The common LCSH regions found in our population, 16p11.2p11.1 (31,957,367-35,220,544), 11p11.2p11.12 (47,178,984 -51,550,787) and 3p21.31p21.2 (48,712,421-52,852,488) were also reported by Wang et al. (2015) [26] as recurrent LCSH with no clinical relevance in a cohort of patients with ND including unaffected parents; by Kearney H. M. [28] in a frequency > 5% in CMA (CytoScan® HD, Affymetrix) reads from affected individuals; and also by Sanchez P. [27], who considered common LCSH to be at > 3% frequency in the CMA (CytoScan® HD, Affymetrix) samples from a cohort of 278 affected Hispanics. Pajusalu et al. (2015), also reported the same regions on chromosome 3 and 11 as recurrent LCSH with a frequency of 9.3 and 6%, respectively, using as minimal cut-off the size of 5 Mb, in the investigation of 2110 consecutive Estonian patients (including pre-natal samples and parents).
The regions 1q21.2q21.3 (147,215,796-150,287,884), 2q11.1q11.2 (95,341.387-98,776,856), 1p33p32.3 (49,205,205-53,121,054) and 6p22.2p22.1 (26,340,871-30,006,805) were not reported by Wang [26], but are common findings in the Kearney H. M. [28] and Sanchez P. [27]. The region on chromosome 6 was also a common finding (4.9%) by Pajusalu et al. (2015). Moreover, our common LCSH on 20q11.21q11.23 (31,940,638-36,081,725) was also reported by Sanchez P. [27] and Pajusalu et al. (2015). Finally, regions 15q15.2q21.1 (42,423,100-45,726,314) and 10q22,1q23,31 (73,824,169-77,212,167), were only reported previously in the samples of Sanchez P. [27].

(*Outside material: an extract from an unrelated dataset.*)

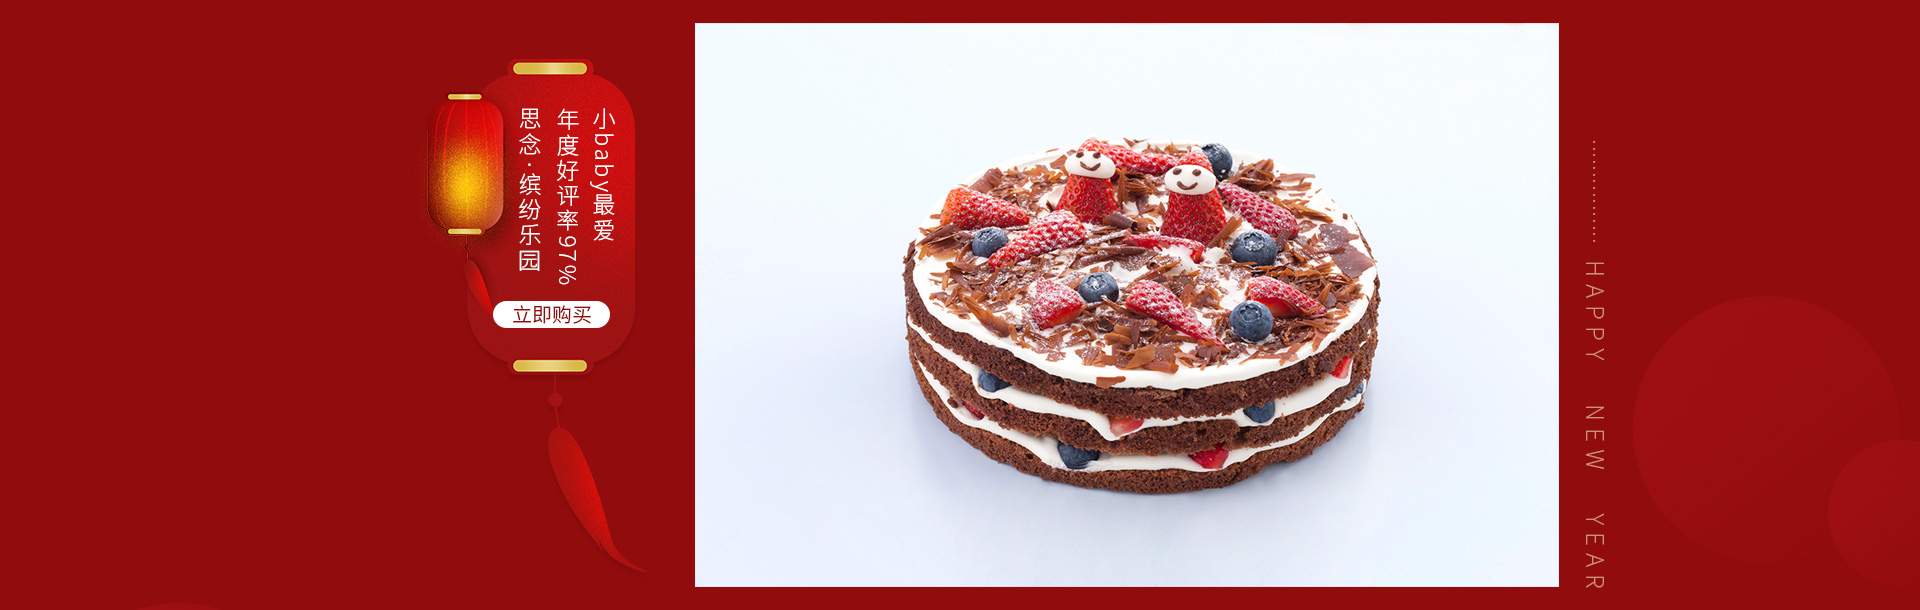 思念|缤纷乐园蛋糕

We found no previous report of the LCSH at 7q11.22q11.23 (71,997,278 -76,128,151), encountered in the population of Santa Catarina at a frequency of 5%. This homozygous region is not related to any gene with known imprinting pattern in humans [50] and covers 102 known genes, of which 46 are listed on OMIM, including with 3 genes related to AR disorders: a less common form of chronic granulomatous disease (#233700), Antley-Bixler syndrome with genital anomalies and disordered steroidogenesis (# 201750), and also disordered steroidogenesis due to cytochrome oxidoreductase P450 (# 613571).

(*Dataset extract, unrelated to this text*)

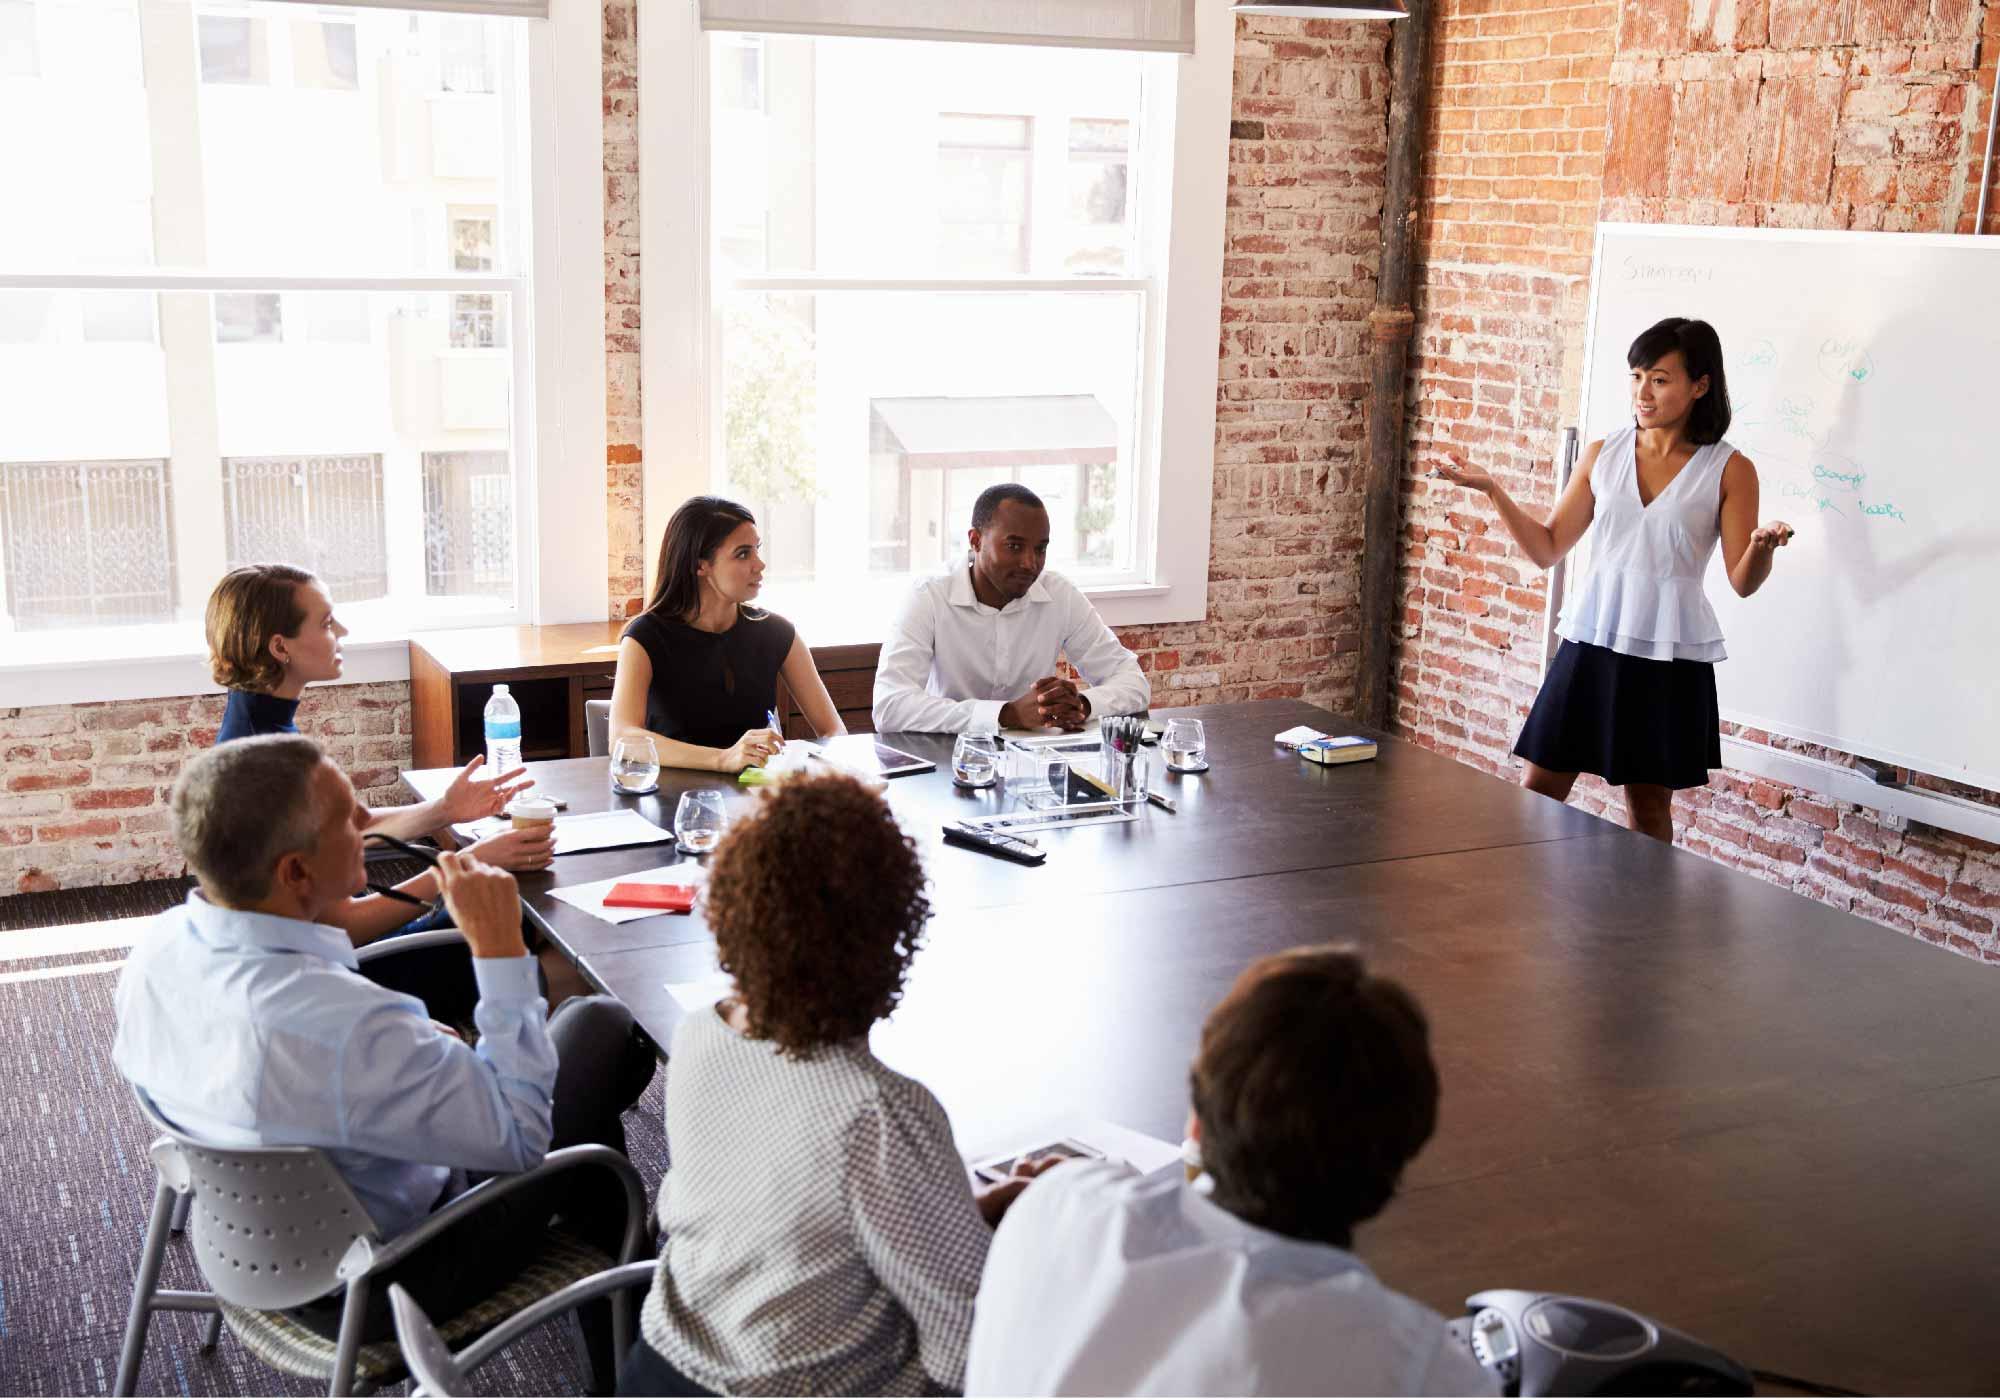 Delivering professional presentations

The LCSH considered as frequent and common in the present study partially corroborate studies of Yang et al. [7], who emphasized that frequent regions of LCSH occur in the vicinity of centromeric gaps, exemplifying their findings on chromosomes 8, 9, 11, 16, 19 and 20 in the Asian population, and chromosomes 8, 9, 11, 16 and 19 in the Caucasian population. Our study found common LCSH in the vicinity of the centromeric gaps in above-mentioned chromossomes 11 and 16, but also on chromosomes 1, 2, 7 and 20, and intersticial LCSHs on 1p, 3p, 6p, 10q and 15q (Fig. 3).

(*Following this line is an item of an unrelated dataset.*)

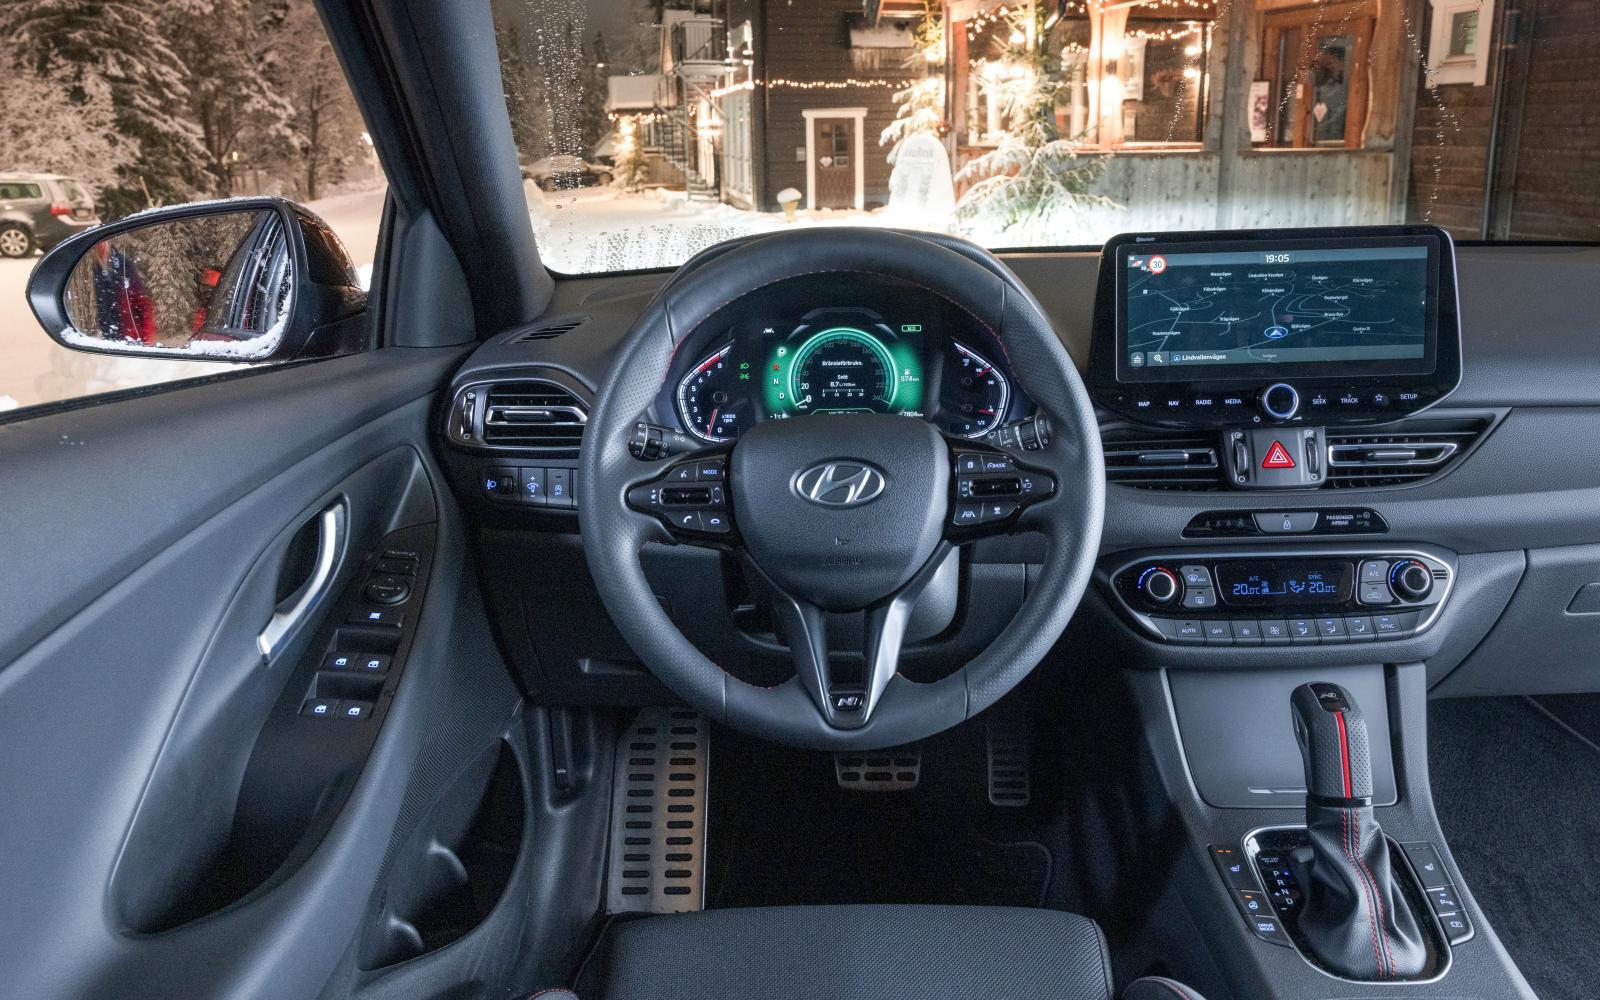 Hyundai: Digitala mätare (med god läsbarhet) och större mediaskärm inför 2021. God sittkomfort, men körställningen är inte lika bra som i Golf/Leon.

As mentioned before, athough a pathogenic implication of the LCSH reported as common seems unlikely, these results should be considered with caution, in particular because we have no knowledge of the haplotypes that are segregating. To affirm unambigously that the recurrent LCSH found in affected cohorts have no clinical implication, they should appear in similar frequencies in the non-affected population. This only will be known in the future, as data from affected and normal populations accumulate. Haplotype investigation of common LCSH found in our cohort is a future goal and will provide additional relevant information.